**STORED DATA**
• • • • • • •

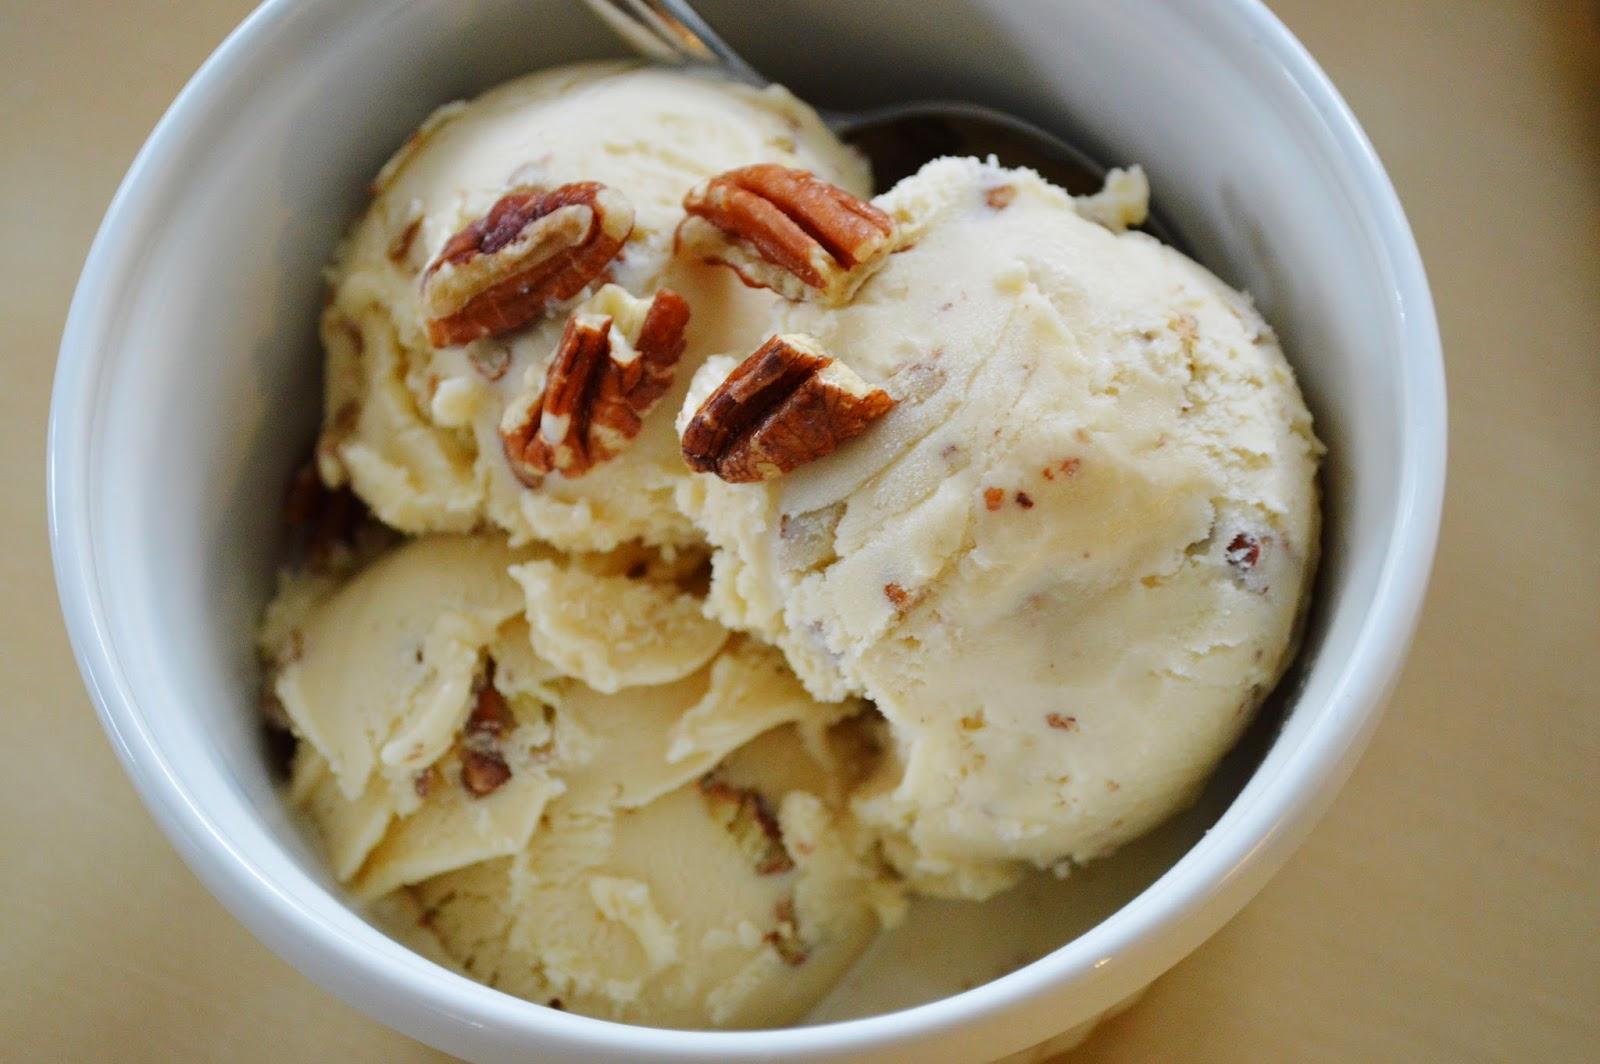 The Art of Comfort Baking: Butter Pecan Ice Cream
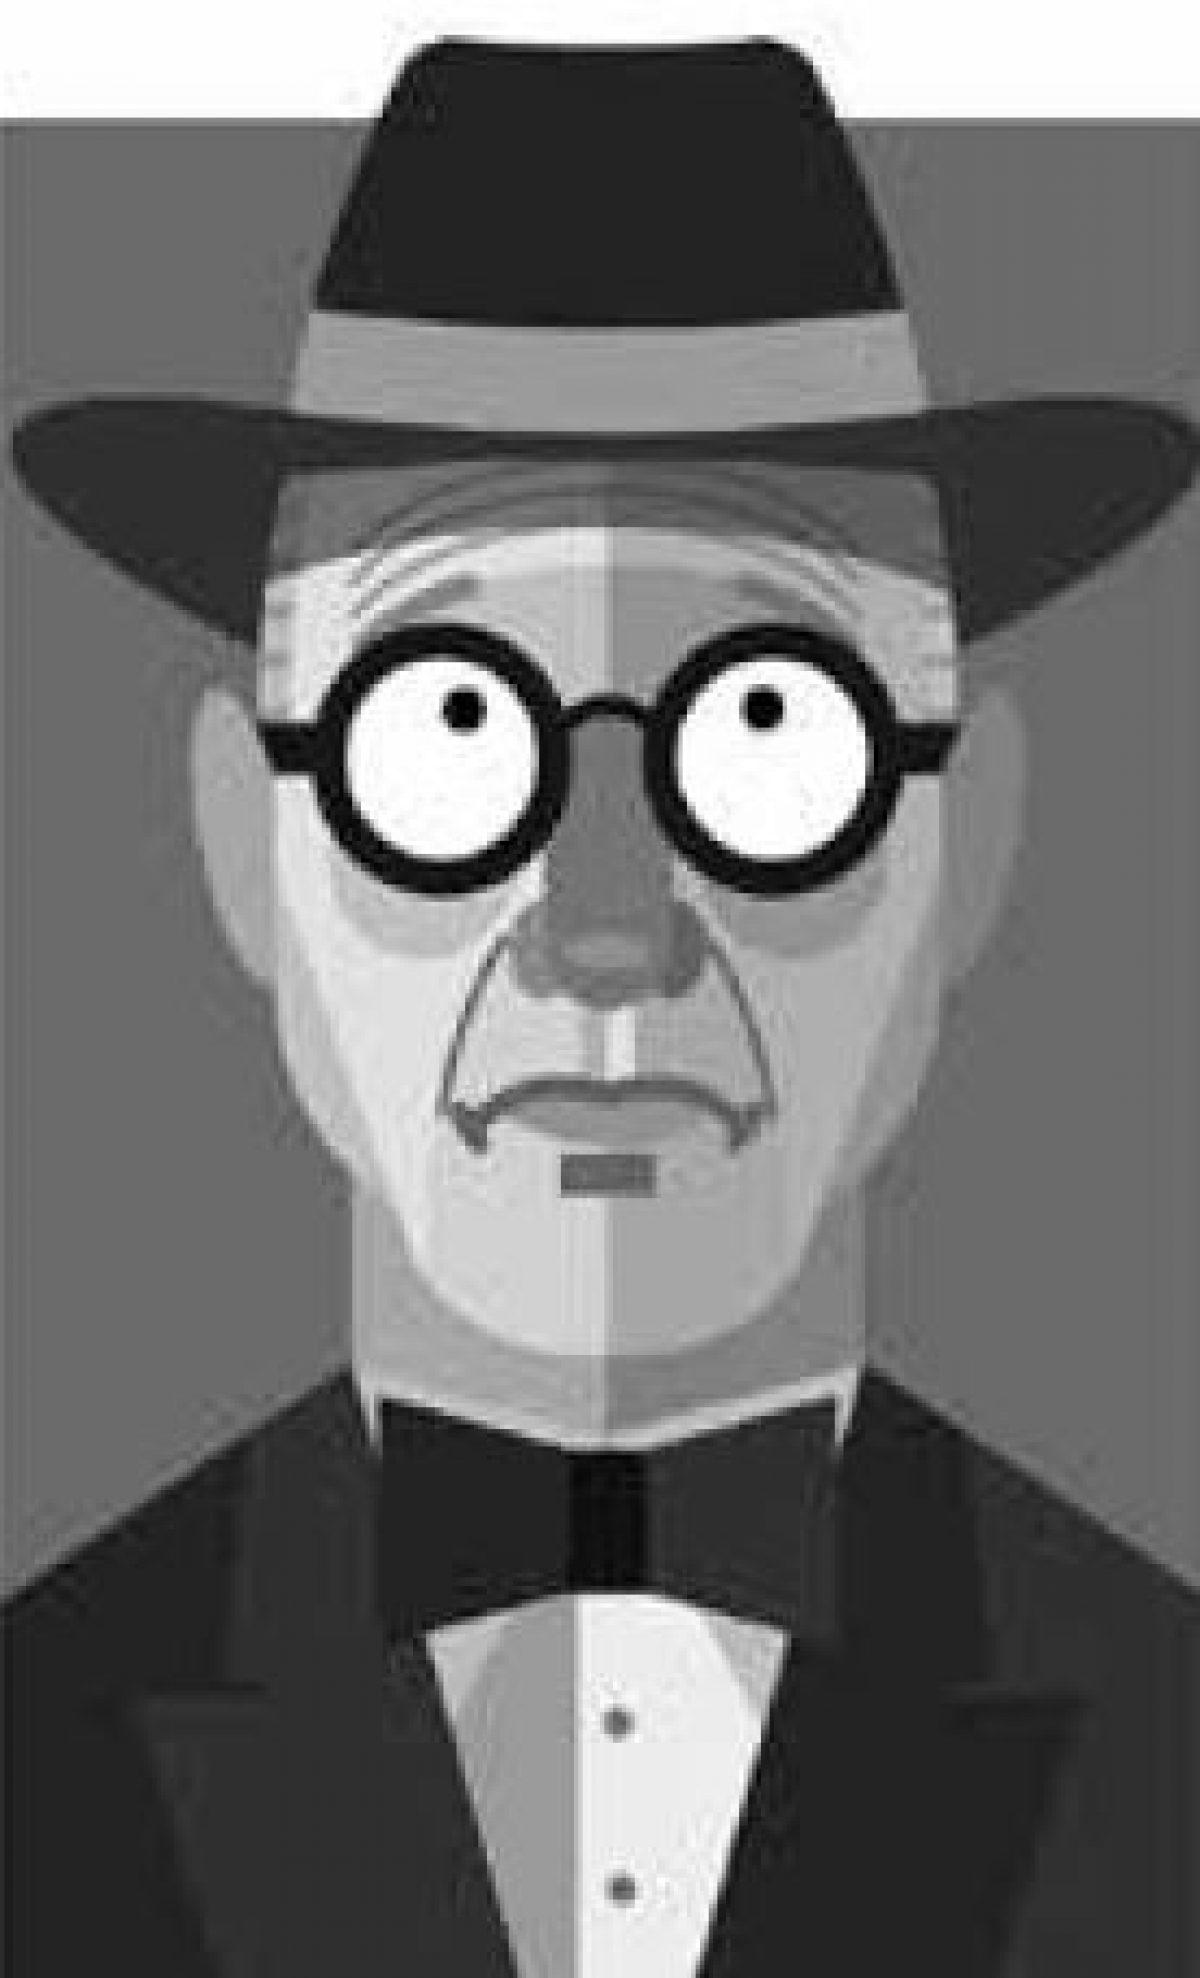 Αναφορά στον Ελ/ Le Corbusier . Δέσμη εκδηλώσεων για τα 50 χρόνια από το θάνατο του Le Corbusier | «αρχιτέκτονες»
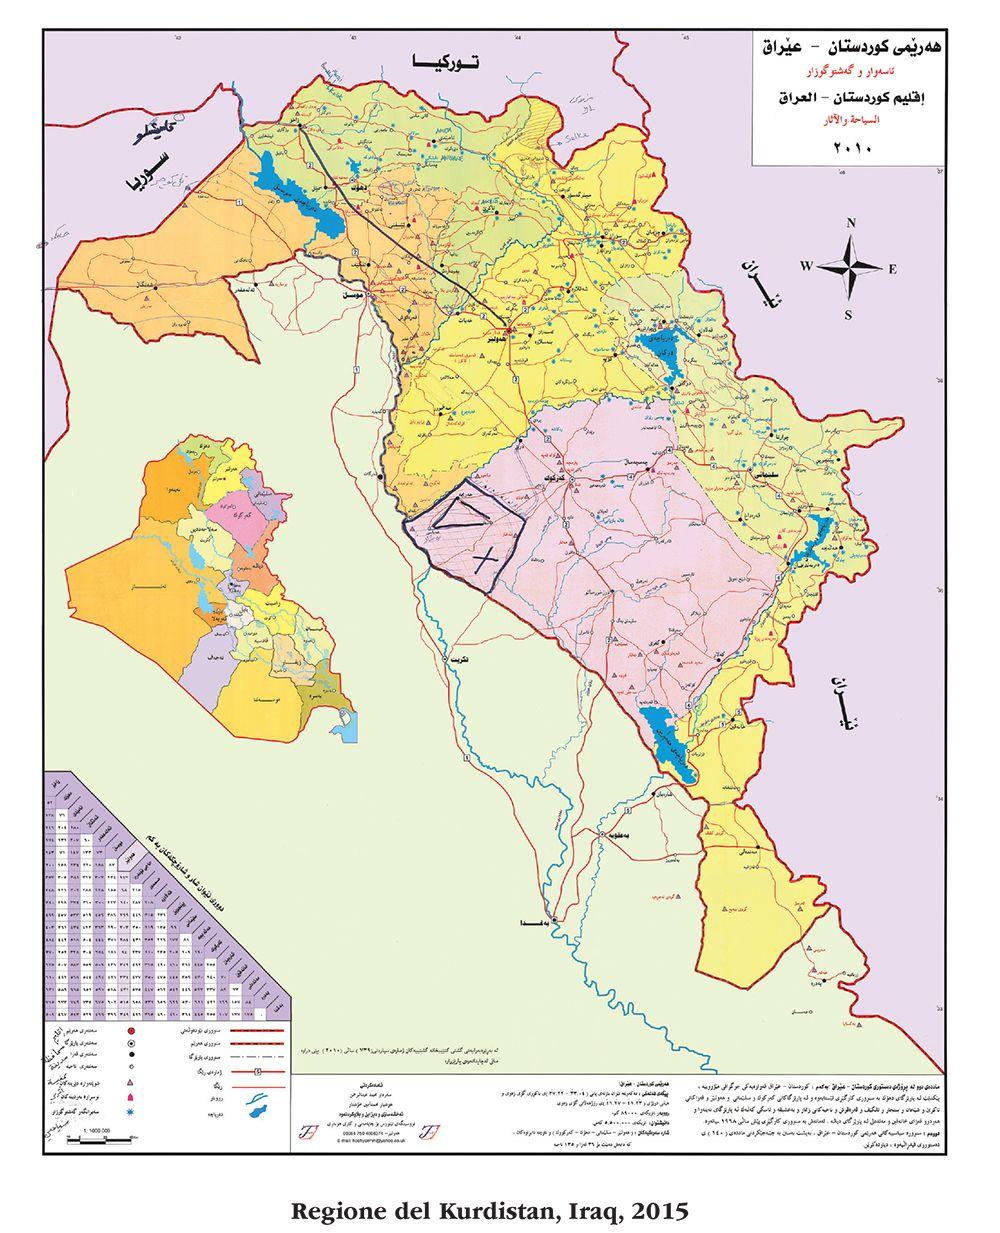 regione_kurdistan_iraq_2015_717

• • • • • • •

**WHAT IS BEING ASKED**
Copy exactly, and only, the lines from the line containing "Αναφορά στον Ελ/" through the final line of the material above, with no pictures.

**RESPONSE TO THIS EXERCISE**
 Αναφορά στον Ελ/ Le Corbusier . Δέσμη εκδηλώσεων για τα 50 χρόνια από το θάνατο του Le Corbusier | «αρχιτέκτονες»
 regione_kurdistan_iraq_2015_717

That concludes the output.